Die Zinsen werden in langsamen Schritten ansteigen. Wenn der Ausblick für die Inflation aus dem Westen steigt, dann können die Federal Funds noch weiter ansteigen. Wir erwarten insgesamt eine Verflachung der Zinskurve. Die Zinsen für langfristige Anleihen haben schon einiges an Zinserhöhungen eingepreist. Unsere Erwartung für 10 Jahre US-Zinsen liegen bei 2,80 % für Ende 2017. Der Markt hat den Zinsanstieg seit der Trump-Wahl sehr gut absorbiert. Auch ist der USD schwächer als noch vor einigen Jahren, sodass davon ausgegangen werden kann, dass weitere Zinserhöhungen in den Emerging Markets wenig negative Auswirkungen haben werden.
Haben Schwellenländeranlagen in einem konservativen Portfolio überhaupt etwas zu suchen oder sind sie nur für risikofreudige Anleger?
Schwellenländeranlagen gehören in ein breit diversifiziertes Portfolio. Der Anteil am globalen Wirtschaftswachstum (um die Kaufkraftparitäten adjustiert) liegt heute schon bei knapp 60 % der Gesamtweltwirtschaft. Schwellenländer verzeichnen seit Jahren mehr Wachstum als die entwickelten Länder.
Gehen Sie nach einem Top-down- oder Bottom-up-Ansatz vor, um die Chancen in Schwellenländern optimal wahrnehmen zu können?
Wir bei MainFirst verfolgen eine Kombination aus einem Top-down- und Bottom-up-Ansatz, um unser vorrangiges Ziel zu erreichen: das aktive Performancepotential von Kreditspreads zu identifizieren.
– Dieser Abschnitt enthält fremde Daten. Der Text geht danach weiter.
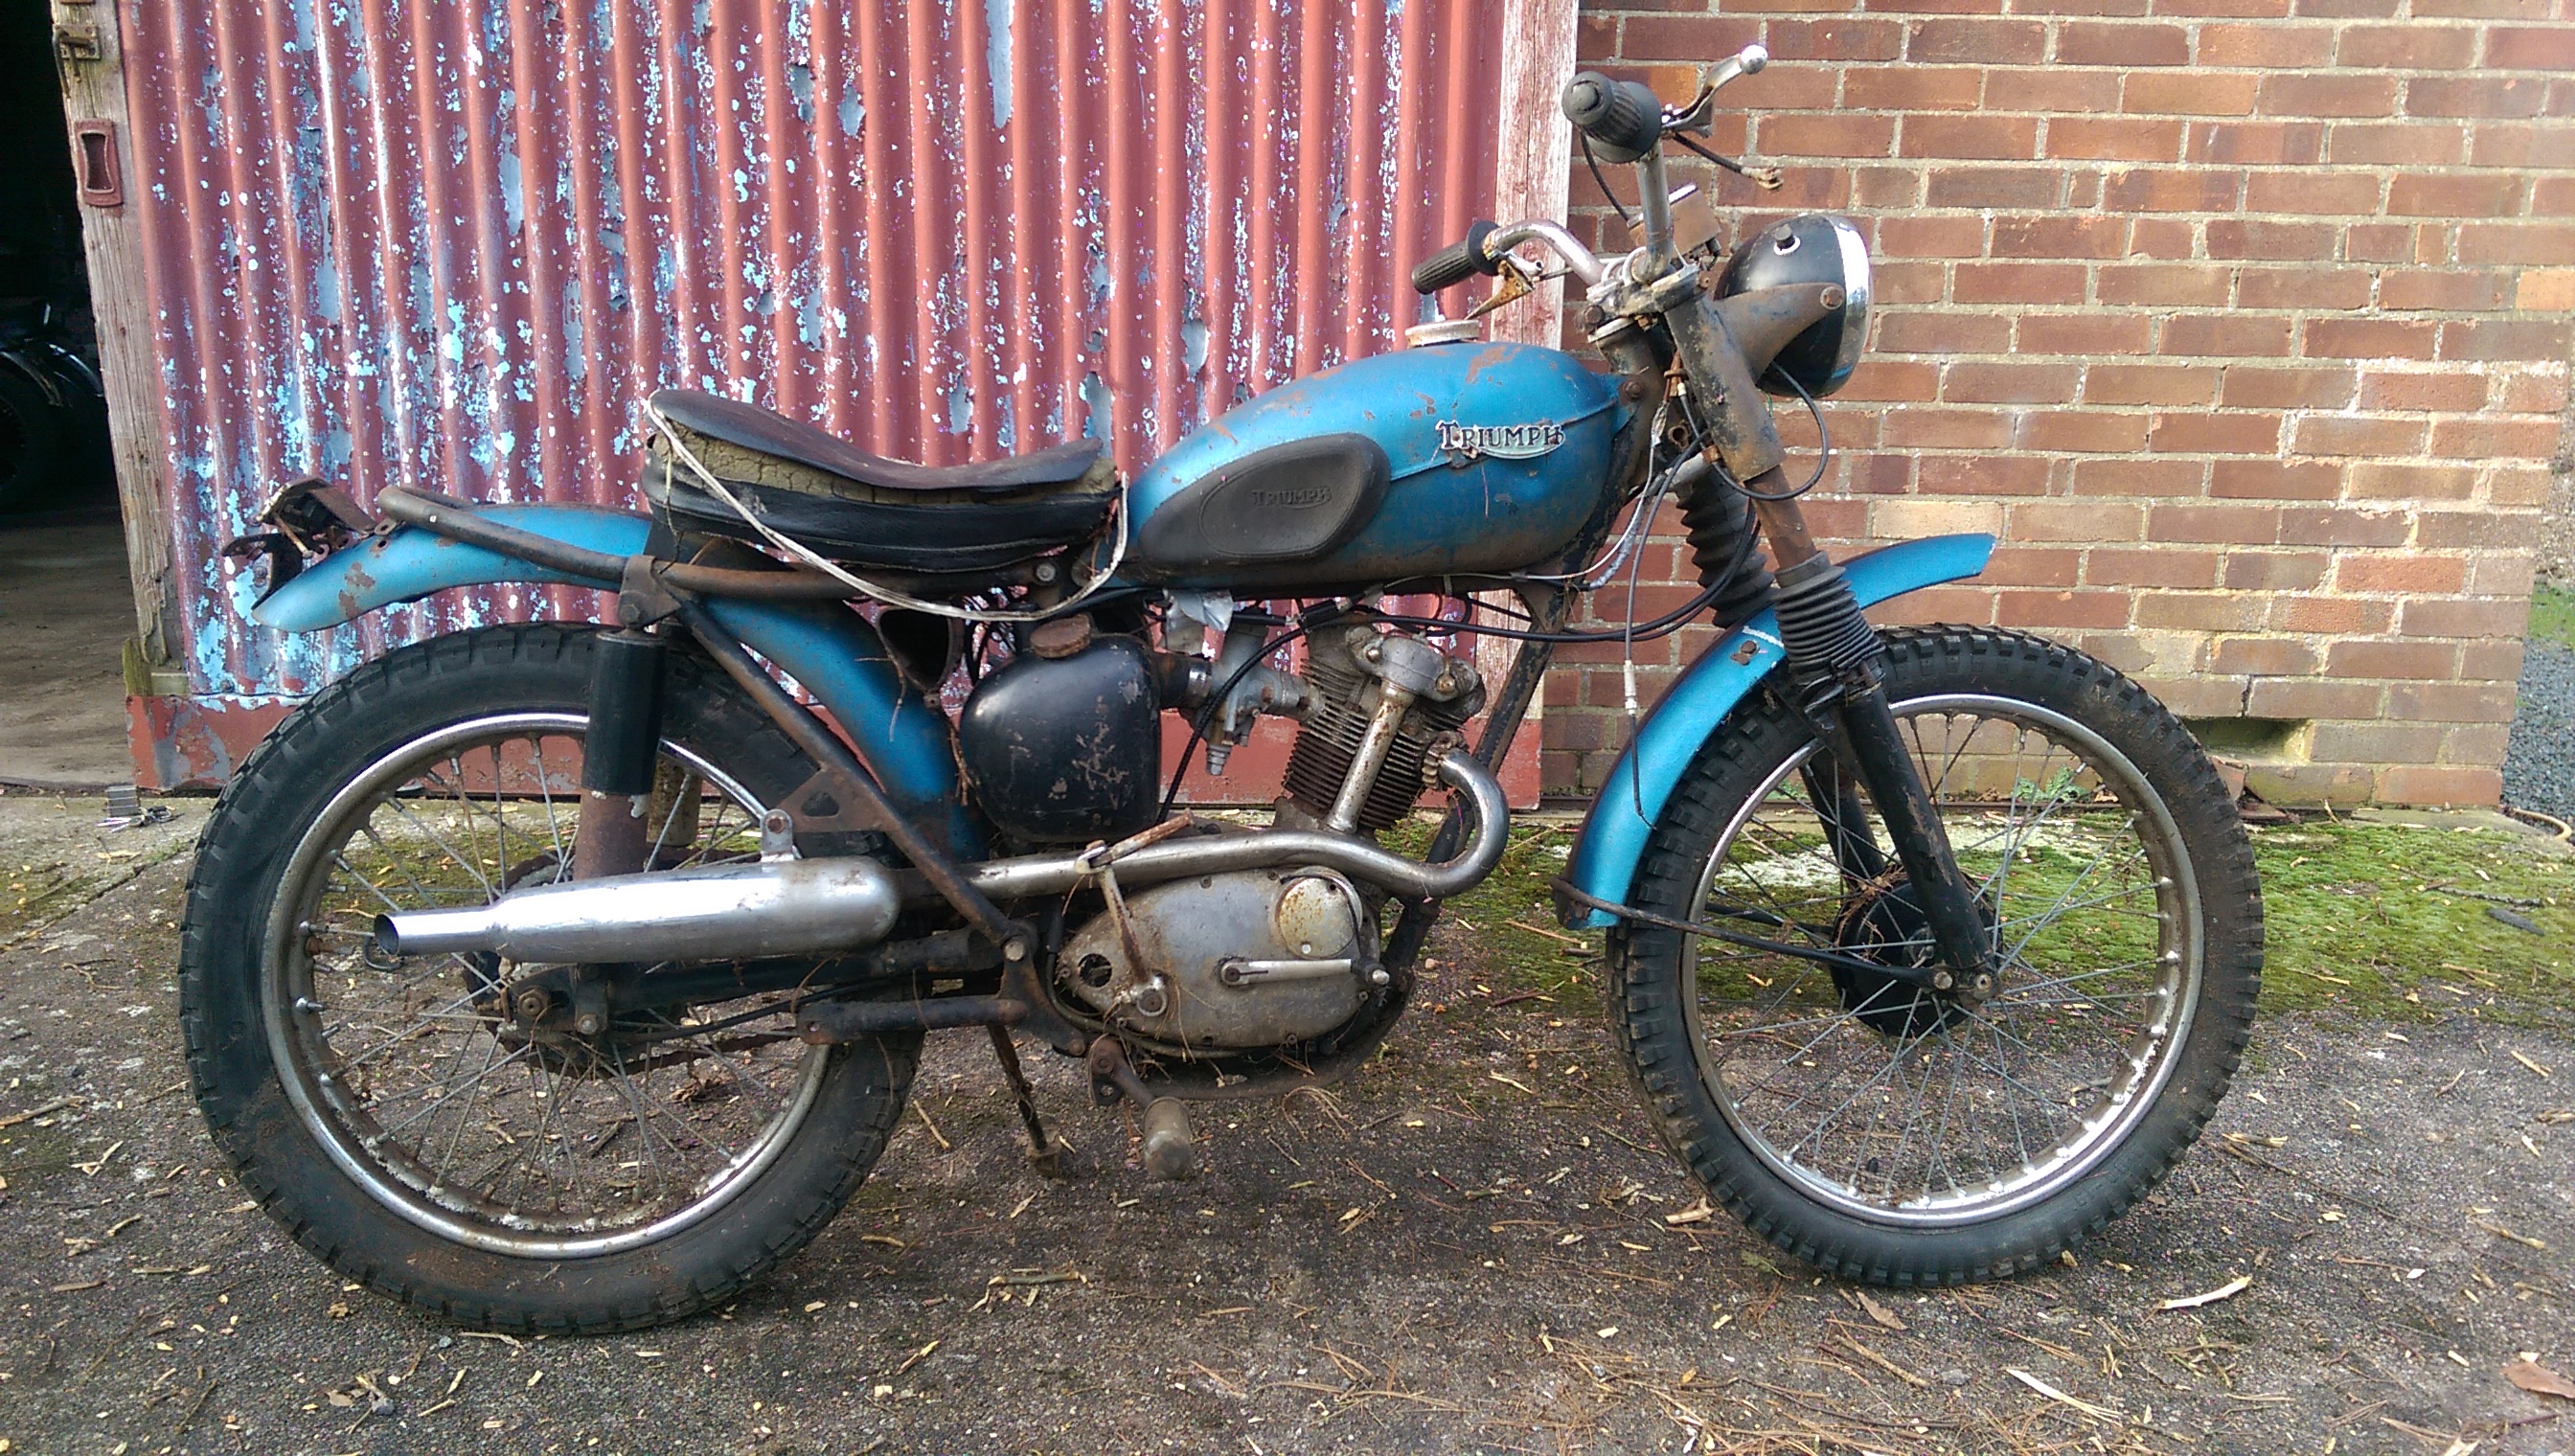 Barn Find Motorcycles Classic Bikes For Restoration Burton Bike Bits

Im Top-down-Prozess analysieren wir den makroökonomischen Ausblick, politische Risiken und auch Opportunitäten sowie die Bewertung (Valuation). Daraus definieren wir eine grobe Gewichtung für die verschiedenen Regionen und Länder. Der zweite Prozess widmet sich ganz dem Bottom-up-Ansatz bei dem wir mittels einer 5-Stufen-Analyse den relativen Wert (Relative Value) ermitteln. Diesen Prozess nennen wir auch Untersuchung des Kreditspreads oder Decomposition of Credit Spreads. Folgende Parameter werden berücksichtigt: Länder, Sektoren, unternehmensspezifische Risiken, ratingspezifische Risiken und technische Faktoren. Das Ziel ist, Kreditspreads innerhalb von definierten Vergleichsgruppen (Peergroups) zu finden. Vielfach verschmelzen die Bottom-up-Analyse mit dem Top-downProzess. Sprich, es kommt häufig vor, dass Unternehmen die im Bottom-up-Prozess günstig bewertet sind, häufig in den Regionen und Ländern zu finden sind, die beim Top-down-Prozess gute Bewertungen erhalten haben.
Anleihen in Emerging Markets tauchen im heutigen Niedrigzinsumfeld vermehrt auf dem Radar der Investoren auf. Worauf müssen diese heute besonders achten?
Aus unserer Sicht ist eine breite Diversifikation über Regionen, Länder, Sektoren, Ratings und technische Faktoren sehr wichtig. Wir empfehlen Investoren den Kauf von Fonds oder Spezialmandaten, die von Spezialisten gemanagt und täglich genau überwacht werden. Dem Kauf von Einzeltiteln raten wir ab, es muss zwingend risikoadjustiert investiert werden. Investoren sollten einen etwas längeren Investmenthorizont haben, da Kursschwankungen immer möglich sind. Es besteht aber ein sehr gutes Chance-Risiko-Verhältnis auf einen attraktiven Ertrag.